WARNING:pystan:n_eff / iter below 0.001 indicates that the effective sample size has likely been overestimated
WARNING:pystan:Rhat above 1.1 or below 0.9 indicates that the chains very likely have not mixed
[19]:
<orbit.forecaster.full_bayes.FullBayesianForecaster at 0x17a5489d0>
[20]:
coef_lasso = np.quantile(dlt_lasso._posterior_samples['beta'], q=[0.05, 0.5, 0.95], axis=0 )
lw=3
idx = np.arange(NUM_OF_REGRESSORS)
plt.figure(figsize=(20, 8))
plt.title("Weights of the model", fontsize=24)
plt.plot(coef_lasso[1], color=OrbitPalette.GREEN.value, linewidth=lw,  drawstyle='steps', label="Lasso", alpha=0.5, linestyle='--')
plt.fill_between(idx, coef_lasso[0], coef_lasso[2], step='pre', alpha=0.3, color=OrbitPalette.GREEN.value)

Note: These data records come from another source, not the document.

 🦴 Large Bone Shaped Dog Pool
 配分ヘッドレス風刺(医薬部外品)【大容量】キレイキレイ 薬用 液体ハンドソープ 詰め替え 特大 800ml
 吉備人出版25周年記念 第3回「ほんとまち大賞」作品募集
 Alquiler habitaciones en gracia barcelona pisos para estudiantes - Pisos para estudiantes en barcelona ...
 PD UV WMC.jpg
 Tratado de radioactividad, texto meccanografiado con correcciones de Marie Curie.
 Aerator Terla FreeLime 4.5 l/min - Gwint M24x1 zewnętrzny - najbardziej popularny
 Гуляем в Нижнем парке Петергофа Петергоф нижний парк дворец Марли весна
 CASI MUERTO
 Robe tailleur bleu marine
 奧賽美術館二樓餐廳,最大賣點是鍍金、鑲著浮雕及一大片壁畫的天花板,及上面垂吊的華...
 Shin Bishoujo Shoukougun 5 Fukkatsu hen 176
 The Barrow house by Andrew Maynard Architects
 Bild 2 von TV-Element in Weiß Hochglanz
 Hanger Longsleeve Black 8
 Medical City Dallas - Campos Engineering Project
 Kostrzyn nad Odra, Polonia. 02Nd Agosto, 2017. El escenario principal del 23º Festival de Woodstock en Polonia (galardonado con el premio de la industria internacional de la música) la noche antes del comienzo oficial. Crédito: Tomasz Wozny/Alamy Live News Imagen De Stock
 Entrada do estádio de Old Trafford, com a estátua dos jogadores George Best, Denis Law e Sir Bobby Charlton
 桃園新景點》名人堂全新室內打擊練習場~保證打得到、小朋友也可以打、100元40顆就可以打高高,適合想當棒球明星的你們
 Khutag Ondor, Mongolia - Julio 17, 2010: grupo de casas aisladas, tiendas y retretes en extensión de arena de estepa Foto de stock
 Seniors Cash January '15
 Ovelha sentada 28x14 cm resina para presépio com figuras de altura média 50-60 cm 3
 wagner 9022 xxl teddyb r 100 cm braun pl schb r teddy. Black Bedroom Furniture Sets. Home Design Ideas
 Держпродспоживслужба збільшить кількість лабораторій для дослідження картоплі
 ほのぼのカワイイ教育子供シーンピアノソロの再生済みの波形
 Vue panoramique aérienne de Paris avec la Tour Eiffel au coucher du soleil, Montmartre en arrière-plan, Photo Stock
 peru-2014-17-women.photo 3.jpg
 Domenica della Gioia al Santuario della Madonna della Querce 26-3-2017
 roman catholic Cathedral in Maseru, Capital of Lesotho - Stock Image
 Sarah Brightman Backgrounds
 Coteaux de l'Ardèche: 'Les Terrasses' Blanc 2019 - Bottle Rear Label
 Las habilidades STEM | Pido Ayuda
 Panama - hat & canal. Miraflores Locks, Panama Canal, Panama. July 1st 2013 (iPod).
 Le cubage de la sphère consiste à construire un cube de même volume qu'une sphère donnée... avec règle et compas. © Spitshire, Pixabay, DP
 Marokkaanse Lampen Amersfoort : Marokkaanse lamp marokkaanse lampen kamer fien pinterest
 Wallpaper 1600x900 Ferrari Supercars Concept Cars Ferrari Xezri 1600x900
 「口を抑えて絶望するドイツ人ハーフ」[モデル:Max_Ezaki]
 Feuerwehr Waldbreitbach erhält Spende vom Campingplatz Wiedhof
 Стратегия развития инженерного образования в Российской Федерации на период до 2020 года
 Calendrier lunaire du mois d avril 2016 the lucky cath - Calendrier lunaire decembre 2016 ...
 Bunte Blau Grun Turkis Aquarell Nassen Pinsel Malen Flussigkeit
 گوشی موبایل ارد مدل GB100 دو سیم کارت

plt.plot(coefs, color="black", linewidth=lw,  drawstyle='steps', label="Ground truth")
plt.legend(prop={'size': 20})
plt.grid();
../_images/tutorials_regression_penalty_34_0.png
[21]:
print('Fixed Ridge MSE:{:.3f}\nLASSO MSE:{:.3f}'.format(
    mse(coef_fridge[1], coefs), mse(coef_lasso[1], coefs)
))
Fixed Ridge MSE:0.174
LASSO MSE:0.098

Summary

This notebook covers a few choices of penalty in regression regularization. A lasso and auto-ridge can be considered in highly sparse data.